START Records for processing
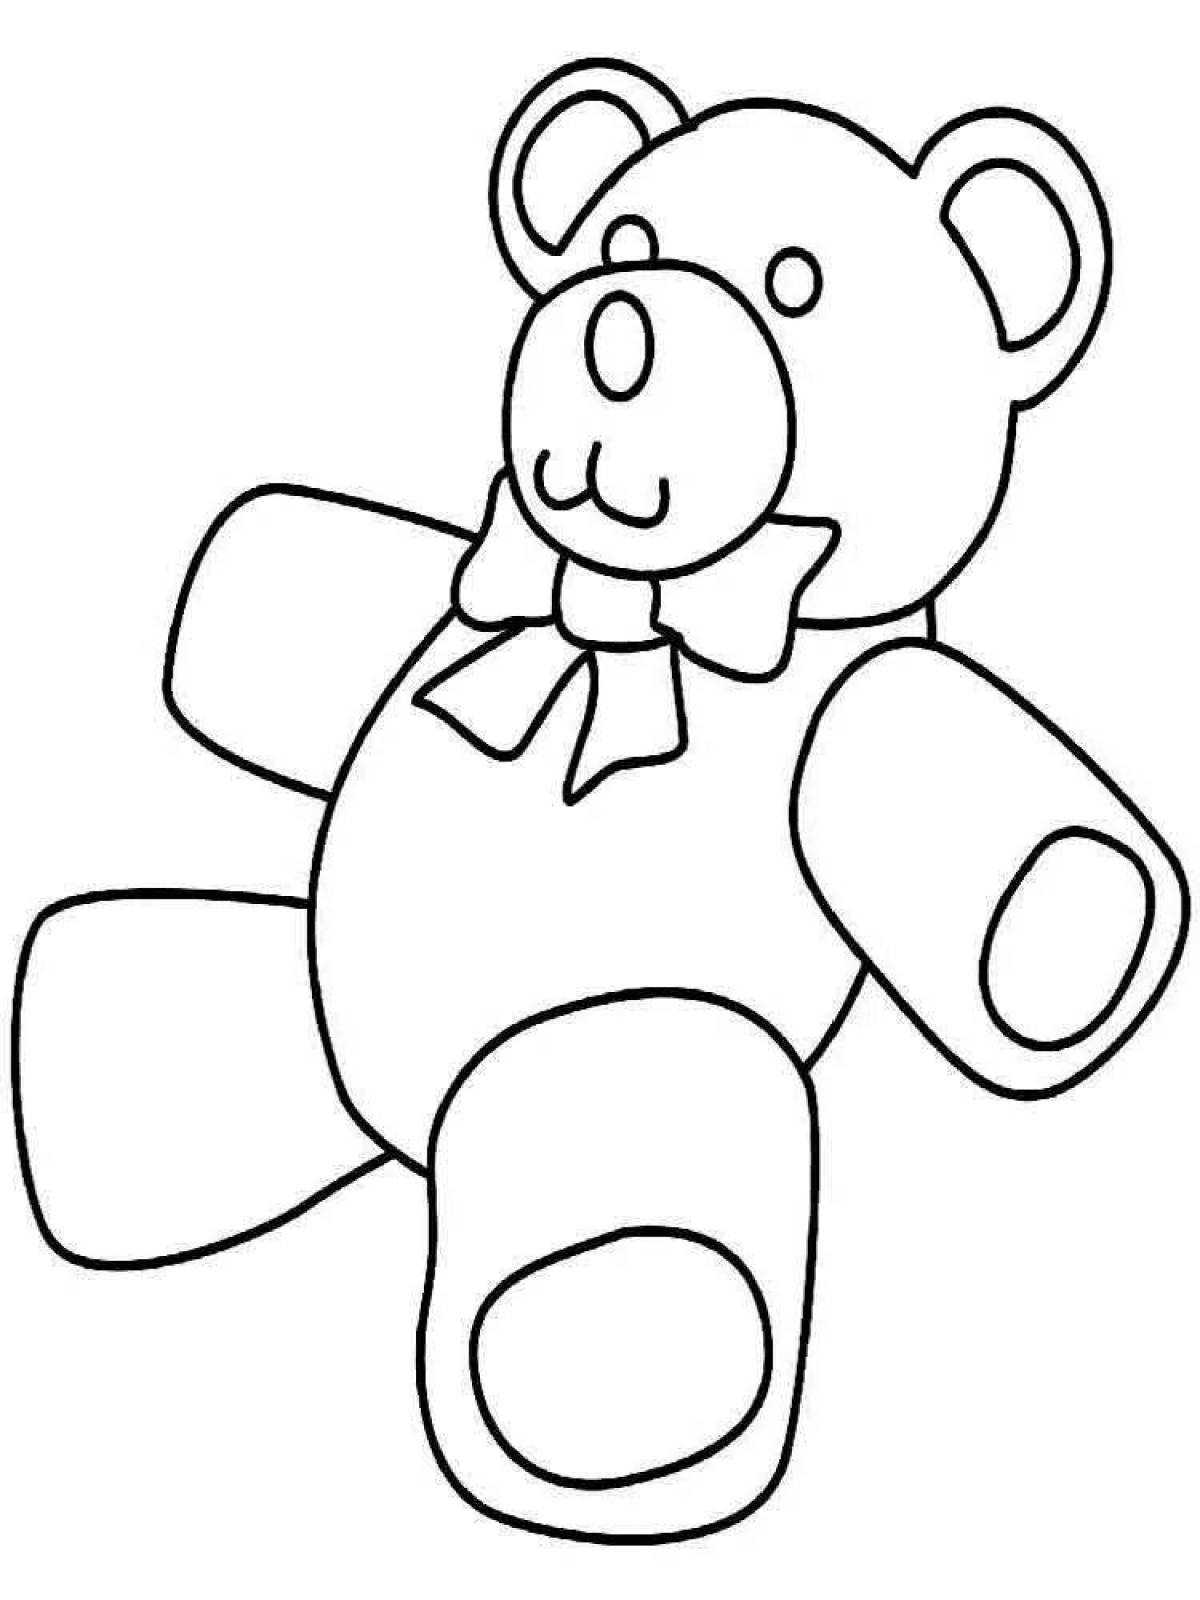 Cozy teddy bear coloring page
END Records for processing
START Records for processing
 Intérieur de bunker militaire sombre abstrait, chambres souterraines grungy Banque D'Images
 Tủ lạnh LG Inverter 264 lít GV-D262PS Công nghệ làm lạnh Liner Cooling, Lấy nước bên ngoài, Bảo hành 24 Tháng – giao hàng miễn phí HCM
END Records for processing
Problem statement
Retype exactly, and only, the lines above from the one where "Intérieur de bunker" occurs up to and including the one where "Tủ lạnh LG Inverter" occurs.

Your response
 Intérieur de bunker militaire sombre abstrait, chambres souterraines grungy Banque D'Images
 Tủ lạnh LG Inverter 264 lít GV-D262PS Công nghệ làm lạnh Liner Cooling, Lấy nước bên ngoài, Bảo hành 24 Tháng – giao hàng miễn phí HCM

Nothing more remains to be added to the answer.